Per the authors, “best practice” radiological studies can fail to show a pathological lesion in up to 50% of patients. Thus, the primary goal of this study was to determine “phenotypes” associated with two of the more common pathological diagnoses in TLE from high-resolution imaging. As described above, the authors were able to delineate some clear structural and functional imaging characteristics associated with TLE-HS with subtler findings associated with TLE-G. Prior to surgery, this type of detailed analysis could be used to determine the potential histopathological diagnosis. This could be applied in imaging “negative” cases, which may represent early or subtle instances of TLE-HS. Findings could then be used to determine treatment options and to better predict postoperative prognosis. In addition, as the authors mention, in instances where histopathology may be unobtainable, such as with thermal ablation, these techniques could possibly be used instead.

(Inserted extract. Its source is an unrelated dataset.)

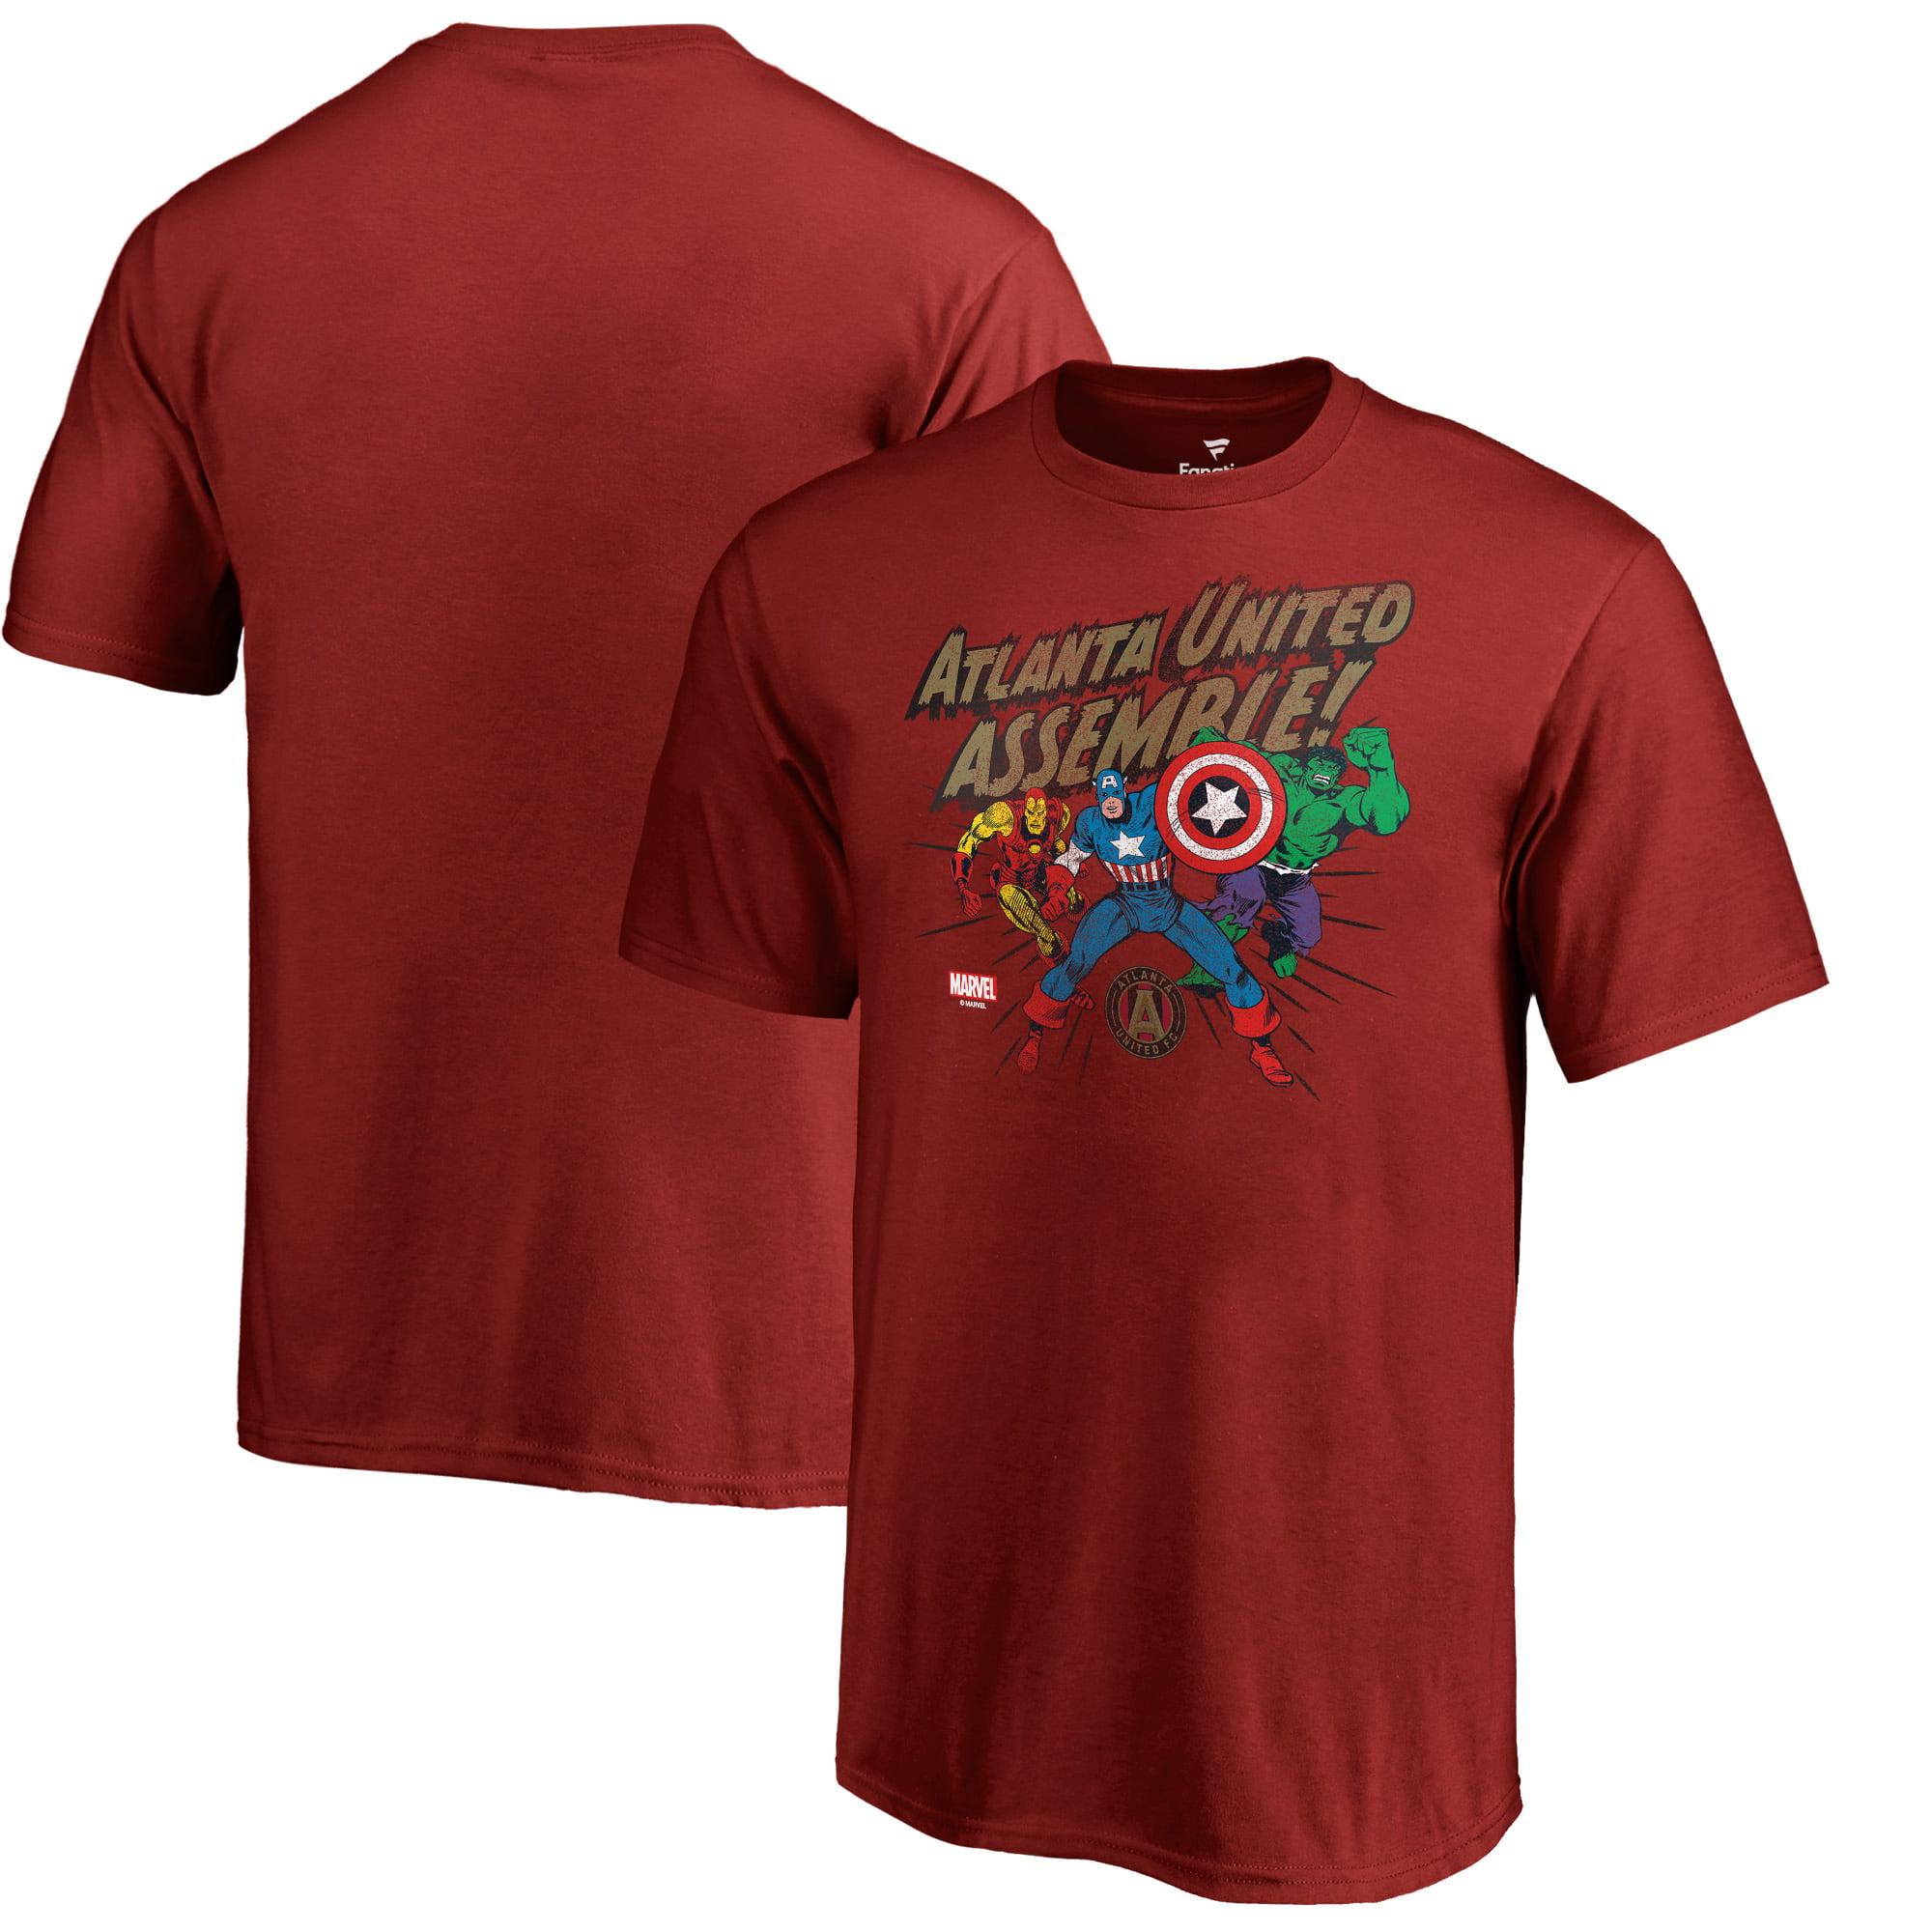 Atlanta United FC Fanatics Branded Youth Marvel Avengers Assemble T-Shirt - Cardinal

However, there are some drawbacks. First, this type of “research-dedicated” imaging would not be readily available in all locations. In addition, the analysis, including the preprocessing and subfield mapping, would not be a service provided by all radiology departments and likely would be performed by the treating team. Although these analyses usually utilize freely available software, they often are complicated, multi-step processes and can lead to errors. Finally, insurance companies do not support some types of specialized imaging, including some functional imaging. Regardless of its present clinical applicability, this study sheds some interesting light on the idea of TLE as a heterogeneous disorder, likely representing a “spectrum.”


  1. Stylianou P, Hoffmann C, Blat, Harnof S. Neuroimaging for patient selection for medial temporal lobe epilepsy surgery: Part 1 structural neuroimaging. J Clin Neurosci 2016;23:14-22.